With pictures excluded, copy word for word the lines in the data below from the line containing "Mizudashi: Tee kalt aufgießen" through the line containing "Turowskiego na potrzeby".

Materials provided START

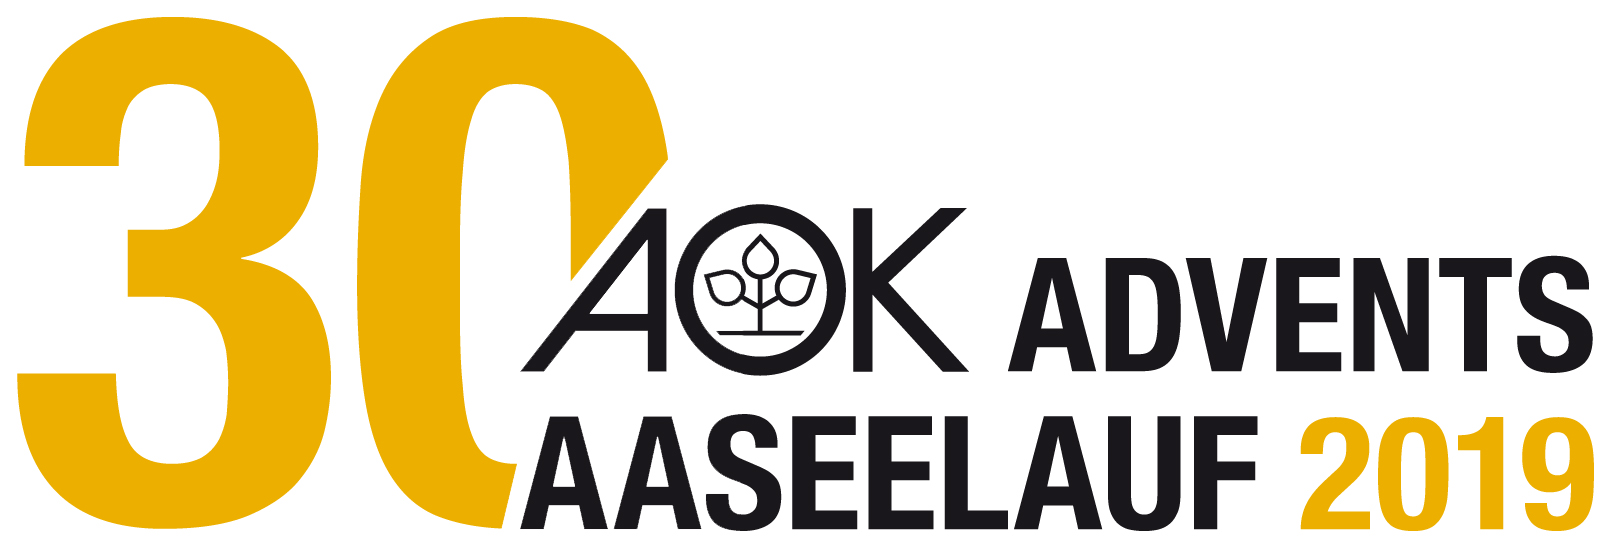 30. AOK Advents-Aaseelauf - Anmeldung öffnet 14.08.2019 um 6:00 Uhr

Materials provided END
Materials provided START

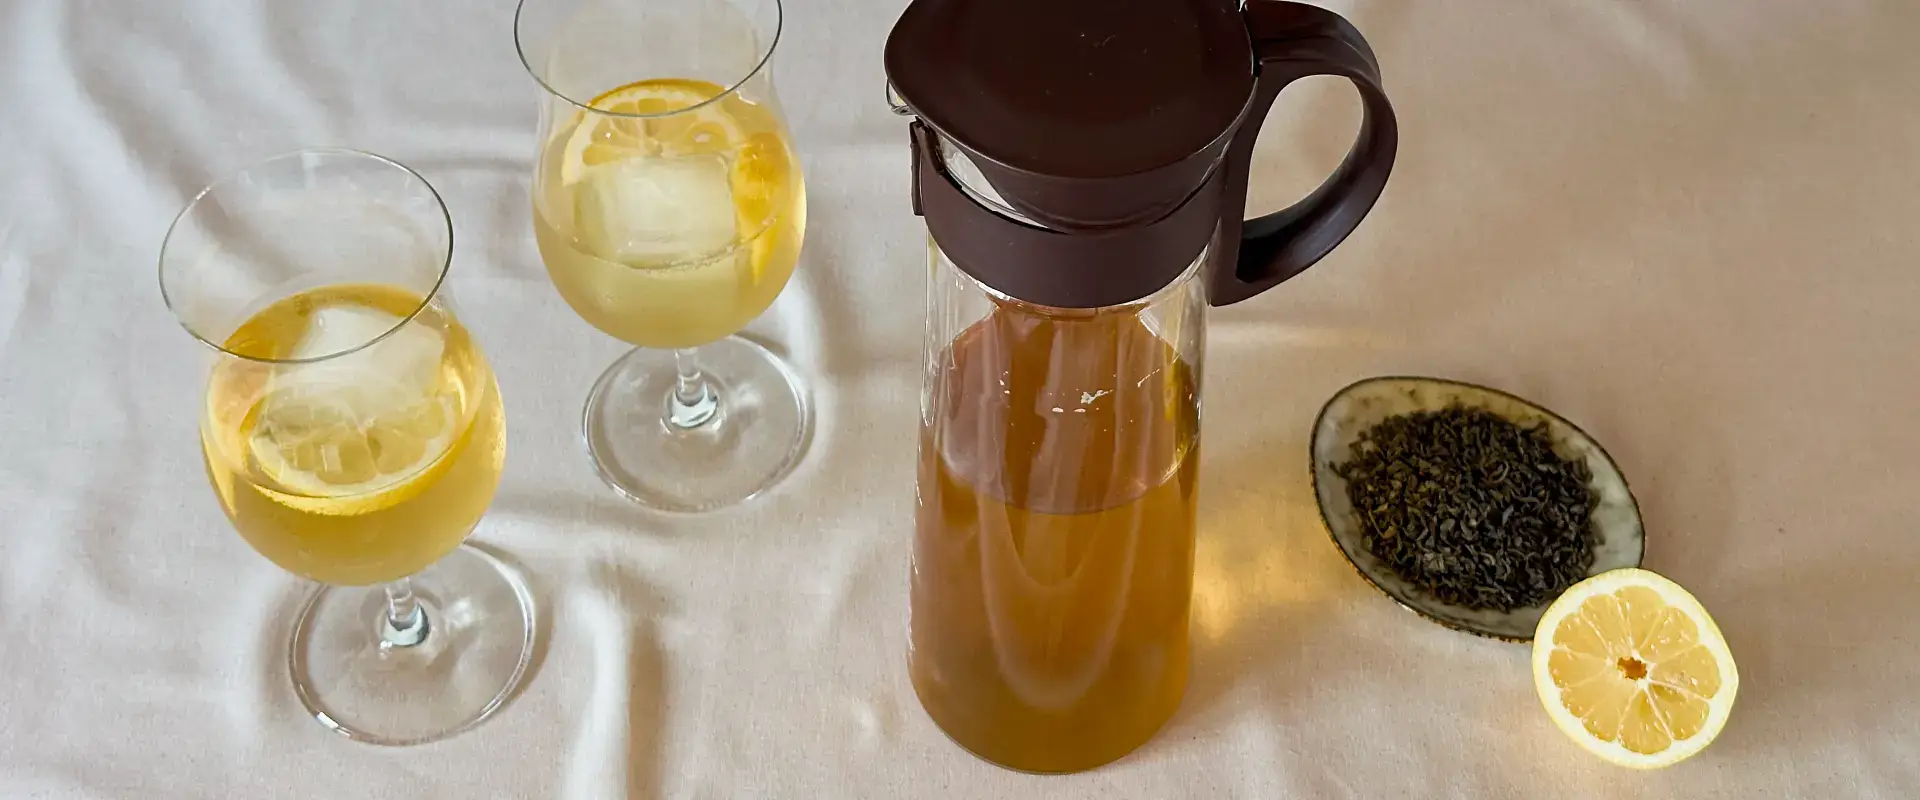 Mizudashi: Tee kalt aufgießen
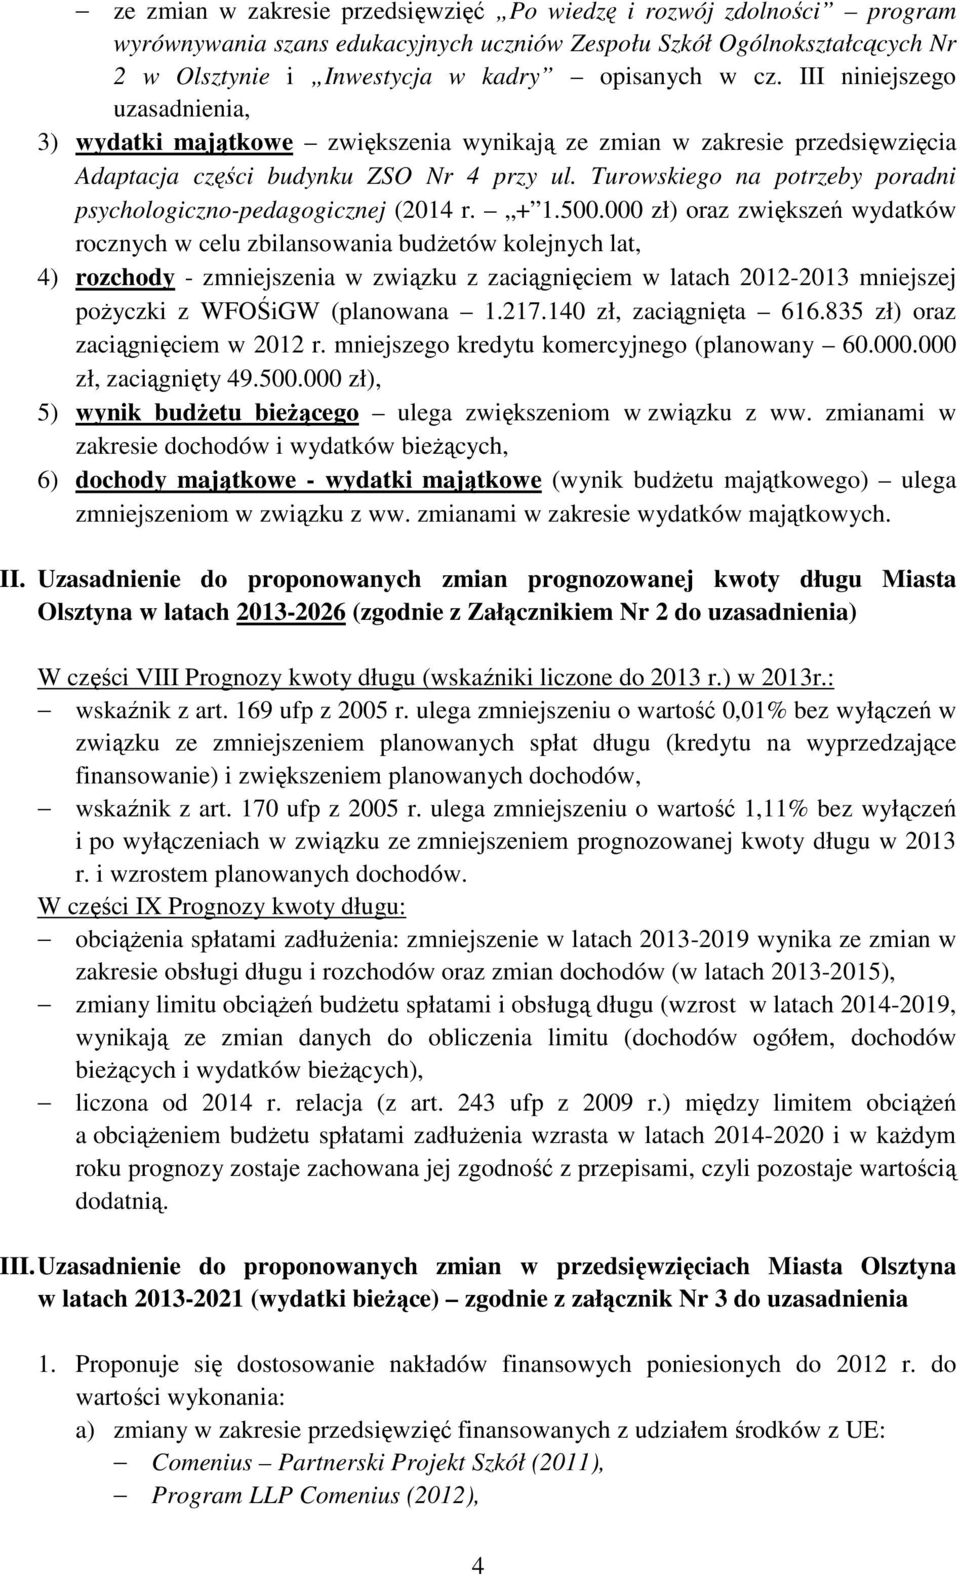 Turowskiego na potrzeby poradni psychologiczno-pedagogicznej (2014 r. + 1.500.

Materials provided END
Materials provided START

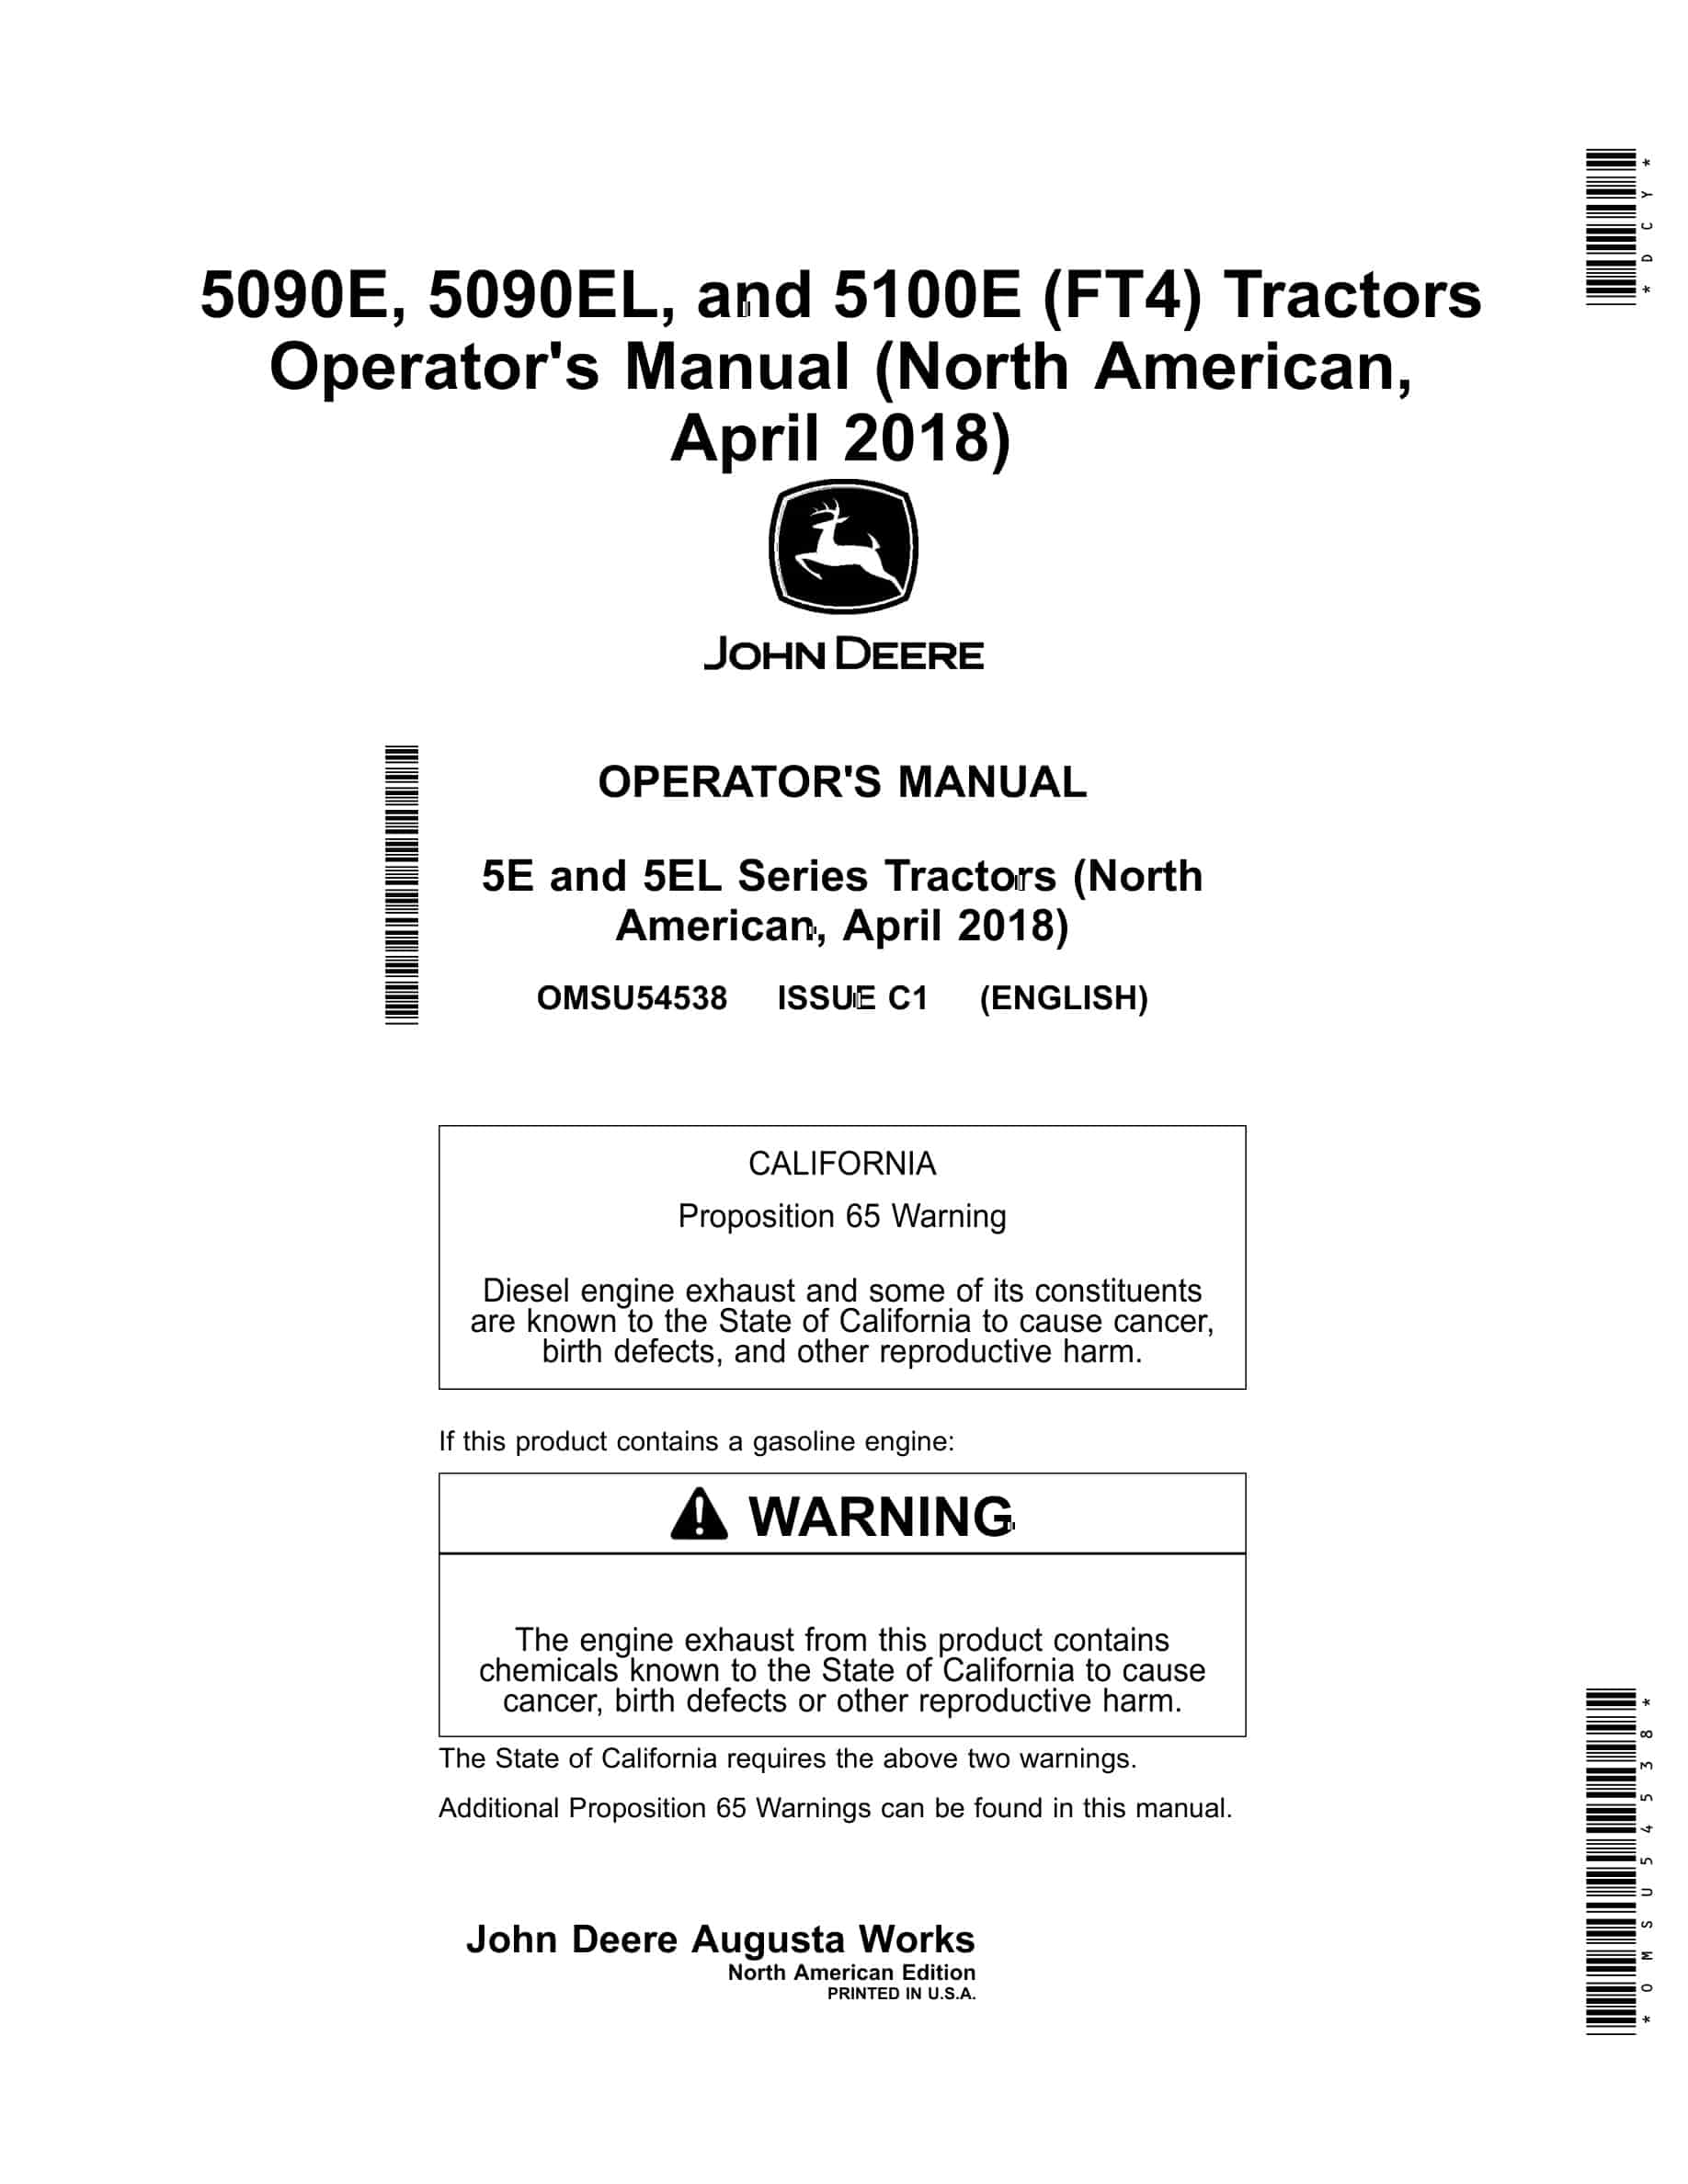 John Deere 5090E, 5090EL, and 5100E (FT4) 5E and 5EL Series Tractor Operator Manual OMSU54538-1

Materials provided END

■ Task response:
 Mizudashi: Tee kalt aufgießen
 Turowskiego na potrzeby poradni psychologiczno-pedagogicznej (2014 r. + 1.500.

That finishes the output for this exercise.